Attacks on science come from multiple angles
Attacks on science come from multiple angles The War on Science is fought on multiple fronts. This week, Otto guided us through an exploration of the ideological war on science and the industrial war on science.
The Ideological War on Science
Scientists could learn a thing or two from evangelical Christians. Celebrity preachers and popular religious figures relate to their audience personally and emotionally, a feat at which scientists often fail. Scientists must welcome people into their awe-inspiring, life-changing, profound, and, yes, emotional world if we hope to be relatable. Comparing how religious leaders and scientists communicate is one thing; comparing the merits of religion and science is another. Science and religion exists in a false dichotomy, a theme discussed in prior book club meetings and underlined in this section:
"The desire to create knowledge that motivates science ultimately shares some of the same drives as that of its progenitor, religion. Playing to these drives is one way science can reach the masses, by helping them to understand the mystery and wonder of the world and our place in it, to find meaning and hope, and to make life better."
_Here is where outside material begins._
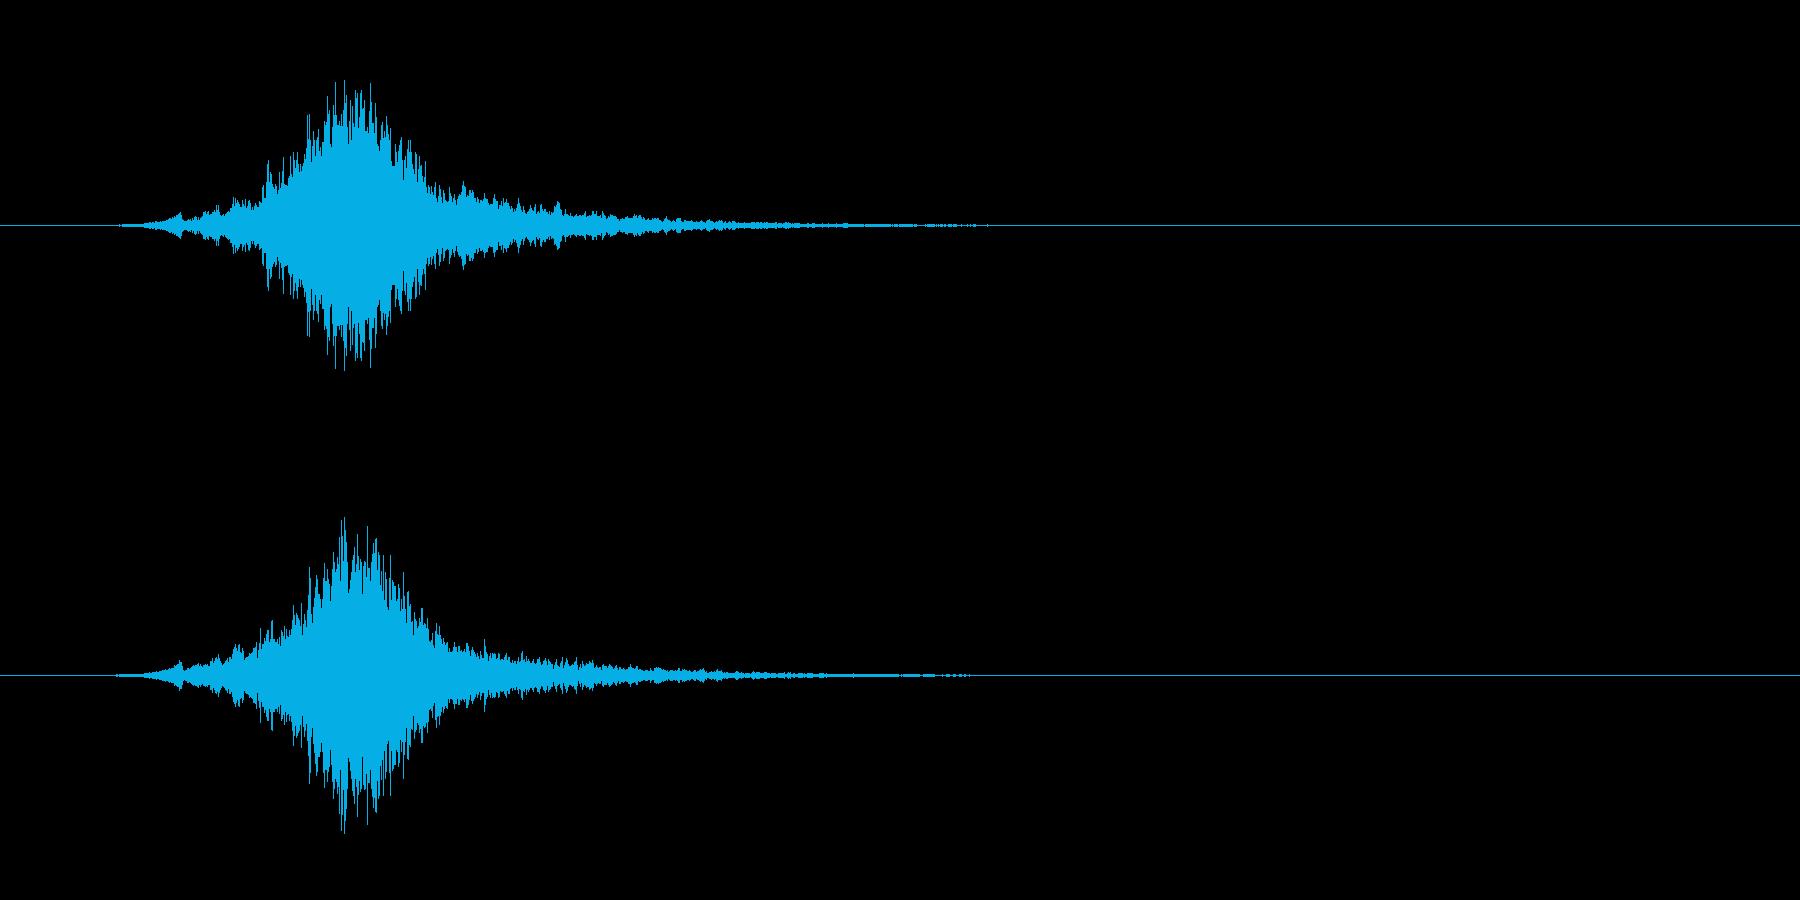 クリスマス シャリーンというベルの音#2の再生済みの波形

Science does not exist to oust religion. Science exists to explain and understand our natural world. Indeed, many religious people (including scientists) find the discovery process deeply spiritual and enlightening. Scientific wonder can deepen the appreciation for our natural world, which in turn, can deepen a person's faith in the existence of a higher power. As science reveals the beauties and intricacies of the natural world, it never challenges the existence of God. Science tests hypotheses using the scientific method. For a hypothesis to be evaluated, it must be testable and capable of being disproved. The existence of God is an idea taken on faith. No physical method exists to test for the presence of God. Thus, science can never disprove God, and real science will never claim to do so. Big-picture religious ideals are very different than adherence to a fundamentalist belief system. Science can, and has, disproved notions set forth by certain religious groups about the timeline of Earth's formation, for example. This is because a hypothesis such as "the Earth was created 10,000 years ago" is testable.
So we tested it. The ideological war on science is coming from a group of fundamentalists who fail to see the beauty in science and deny the facts of the natural world as they are revealed to us through experimentation and thoughtful observation. Fighting an ideological war seems impossible, and it truly may be impossible to open the minds of a group of people deeply and emotionally invested in clinging to fundamentalist stories. As a scientist and a Catholic (me, not the book club), it is disheartening to see this ideological war on science conflated to a war between religion and science in many media representations. This ideological war may never end, but that doesn't mean that all religious people (most of the world) are at odds with science. To keep it this way, the process of science – the process of discovering the natural wonders of the world – must be discussed openly, with emotion, and with reverence.
The Industrial War on Science
Unlike the ideological war on science, I don't have much sympathy or hope around the industrial war on science. The industrial war on science is a dirty game played by powerful people designed to sow doubt, fear, and uncertainty in our already complicated society. Basically, whenever science uncovers information about our world that may cut into the profits of certain industries, the industries launch strategic public relations campaigns to discredit the scientific claims so they can keep making money.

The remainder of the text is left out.